● 10

2.1K 154 14
                                    

Angin malam begitu dingin, menusuk kulit perempuan yang kini tengah duduk menunggu angkot. Latihan balet membuatnya lelah tidak karuan, walaupun sudah lancar, namun tetap saja ia kelelahan. Apalagi ketika harus berhadapan dengan pelatih yang mencerca Rara.

Berkali-kali Rara menoleh ke arah jam tangannya, kemudian memutar pandangannya ke kanan dan ke kiri. Suasana Jakarta malam ini sangat sepi, biasanya ia masih melihat penjual bakso keliling, namun kali ini tidak.

Bibir Rara sudah mengering, seragam sekolah nya lusuh sengaja ia kenakan kembali karena tidak membawa baju ganti. Biasanya Bunda sudah bertanya kondisi nya, atau Ayah nya yang marah-marah akibat telat pulang, atau bahkan Steeve yang berinisiatif menjemputnya.

Memiliki orang tua yang terbilang strict parents membuat Rara lelah hati dan harus siap mental. Apalagi ketika Papa dan juga Bunda nya yang kembali ke Indonesia. Siap-siap ia harus menahan amarah kedua orang tua nya.

Tidak ada cara lain, Rara mengemasi barangnya dan kemudian berjalan menyusuri jalanan. Ia berharap masih menemukan angkot. Sejauh 1 Kilometer jaraknya ia berhasil berjalan. Kini ia berhenti di tepi jalanan tepat di depan IndoApril.

Rara mulai menyerah, dirinya tidak sanggup jika harus melanjutkan langkah kaki. Ingin sekali rasanya ia membeli minuman, namun uang nya sama sekali tidak cukup. Rara sudah menghabiskan seluruh uang nya ketika membeli soto di kantin kang Ujang. Rara meringis perih, mengingat makanan dan minuman membuat perutnya berbunyi.

"Mba ga mau masuk? Soalnya bakalan tutup."

"Eh, maaf mas. Saya cuman numpang duduk." Rara mengusap kening merasa malu.

"Hati-hati loh mba, ini udah malem. Biasanya banyak copet yang main judi disini."

Laki-laki muda berseragam Indo April itu tersenyum kecut, kemudian kembali mengerjakan tugasnya.

Rara juga sudah berusaha menelpon orang rumah, tetapi tidak ada yang menjawab.

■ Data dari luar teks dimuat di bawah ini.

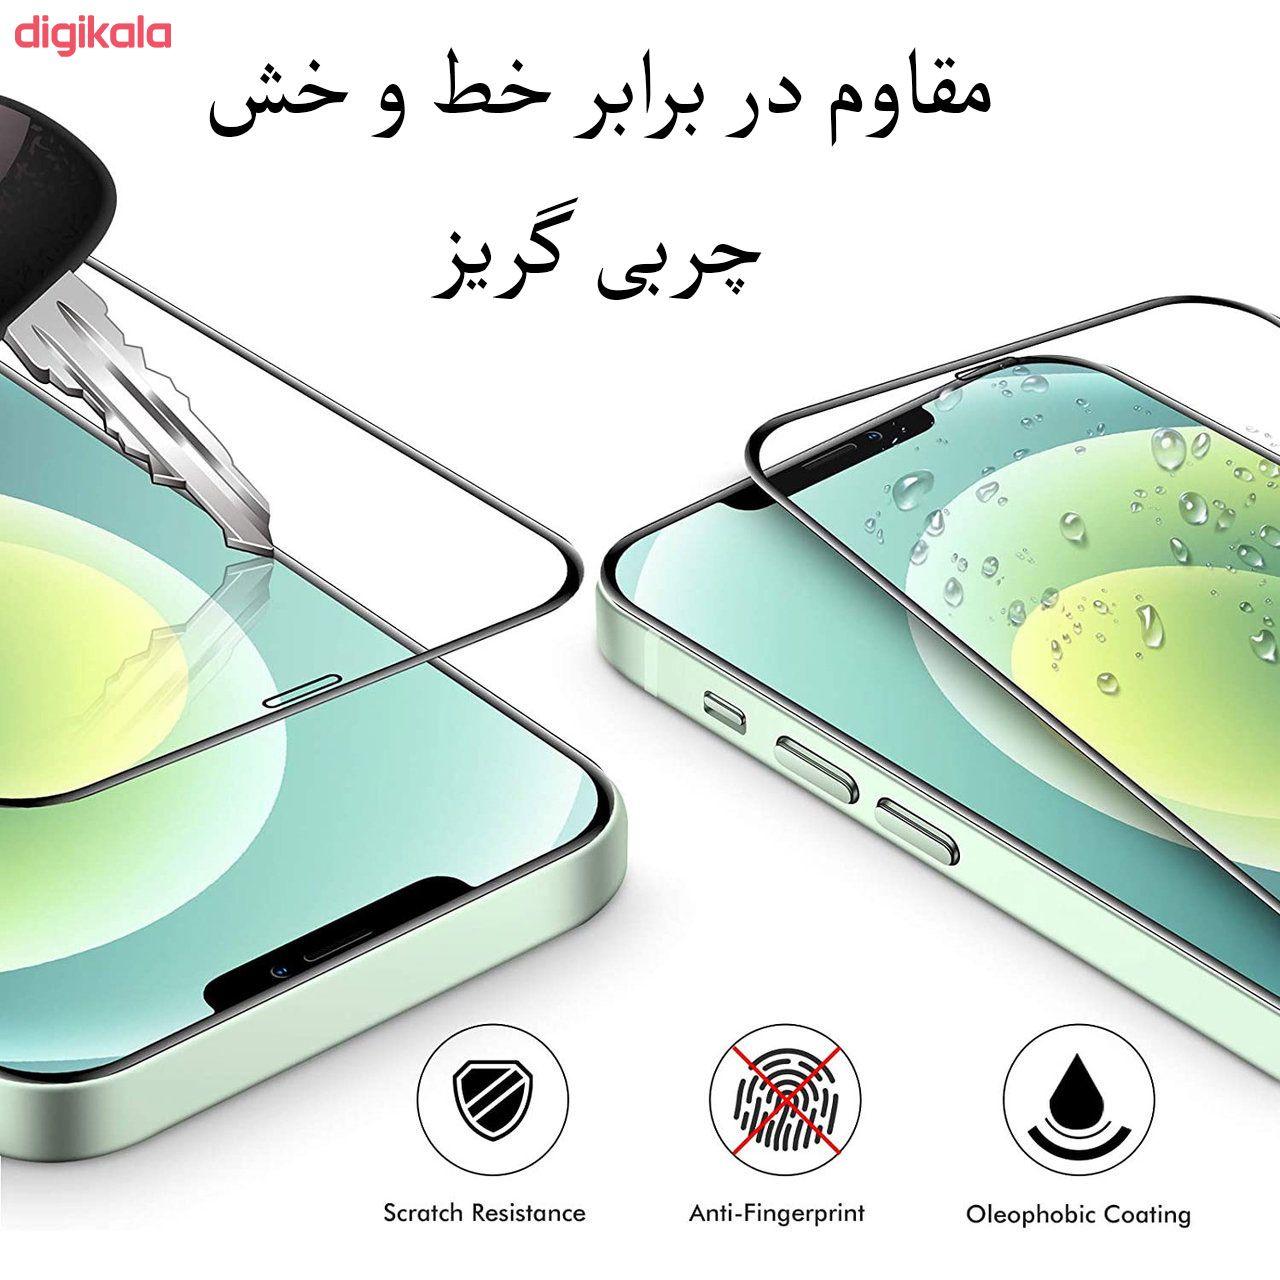 محافظ صفحه نمایش مدل FCG مناسب برای گوشی موبایل اپل iPhone 12 Pro بسته دو عددی main 1 14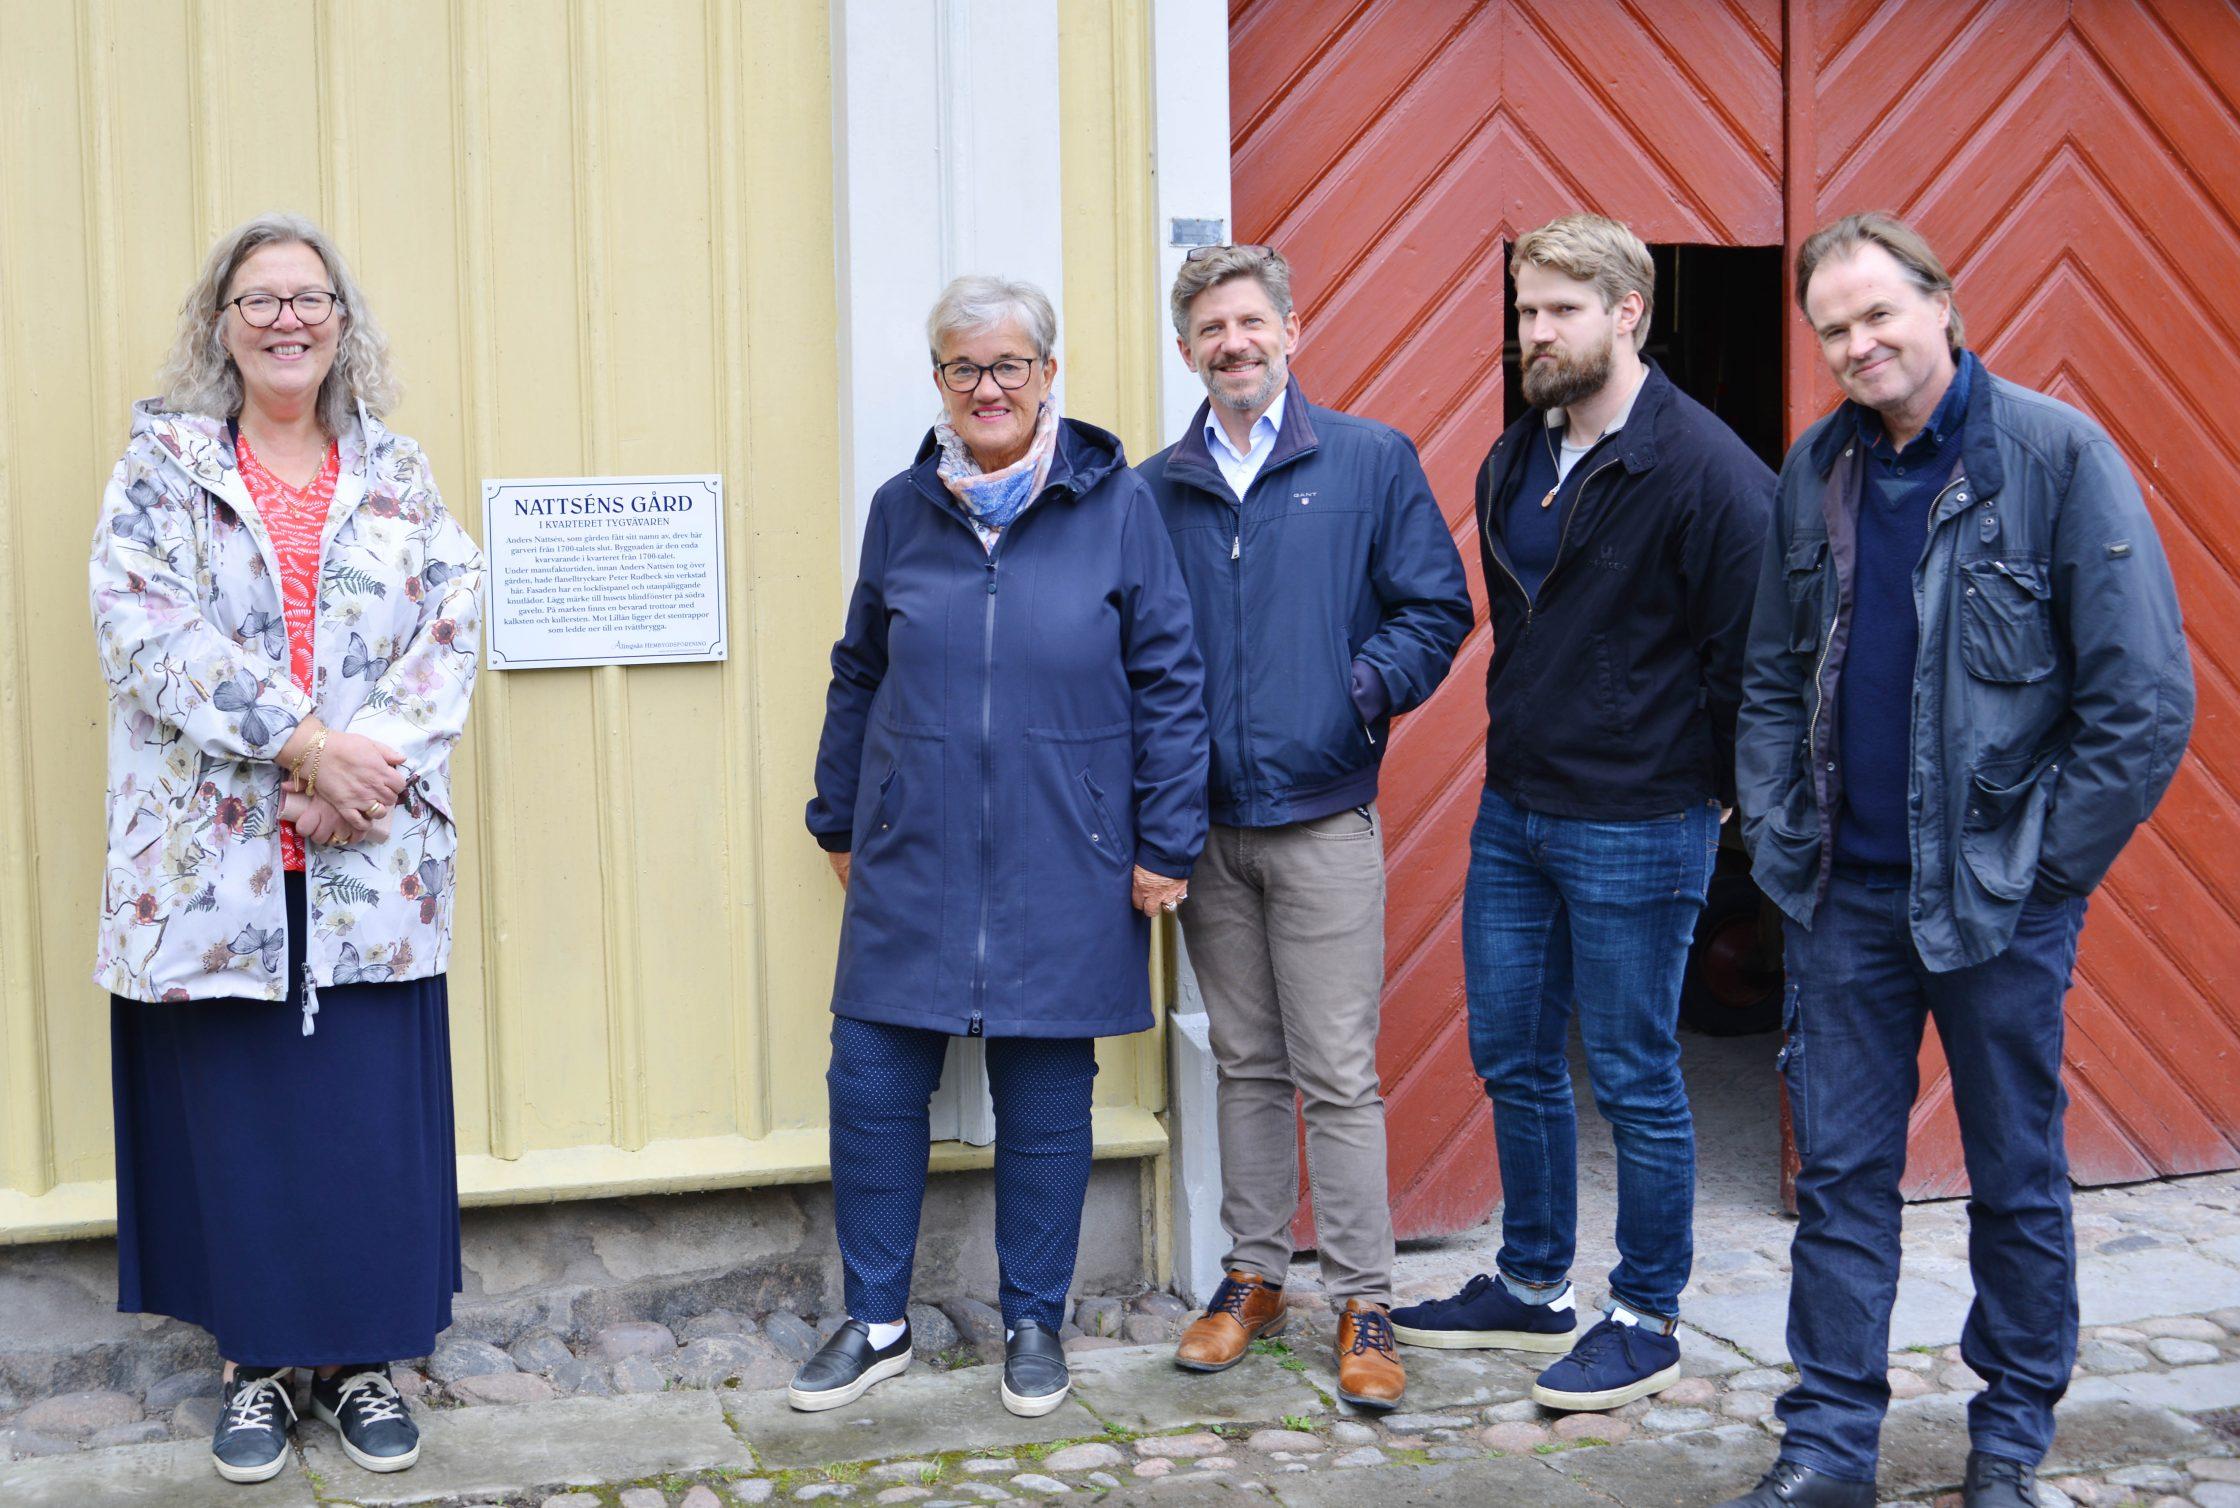 Carina Håkansson, Kristina Grapenholm, Daniel Filipsson, Simon Waern och Staffan Nattsén framför den gula fasen där den nya skylten sitter.

"Sial banget gue." ucap Rara menahan perih di perutnya.

"Ra,"

Suara bass yang sangat berat, begitu familiar di pendengaran Rara. Rara mencoba tenang ketika tangan besar Sheldon mulai menelusup dan menggenggam tangannya secara hangat. Dirinya hendak berteriak histeris kegirangan sejak tadi, namun entah mengapa semburat wajah Sheldon berubah ketika Rara memamerkan senyuman terbaiknya.

"Sheldon," cicitnya melihat Sheldon yang begitu dekat.

"Kok bisa ada disini Shel?" Protes Rara dan Sheldon masih asik menuntun Rara menuju jalan yang sudah ia lalui.

"Lo bukan begal yang nyamar kan?" ujarnya memberontak sepanjang jalan.

"Lo Shelson kan?" Rara juga masih terheran dengan keberadaan Sheldon saat ini, setahunya Sheldon sudah pulang dan dengan keji nya meninggalkan dirinya hingga sempat terjatuh.

"Lo mau balik kan?"

perempuan itu mendongak, masih sibuk memandang cowok tinggi di depannya.

"Iya mau banget, udah laper juga."

"Yaudah masuk."

Pandangan Rara beralih memandang wajah murung yang sempat ia lihat tadi. Sheldon masih menatap Rara dengan dalam. Rara memutarkan pandangannya, ia melihat seisi mobil yang tidak biasa dibawa ke sekolah. Berwarna hitam bermerk mewah.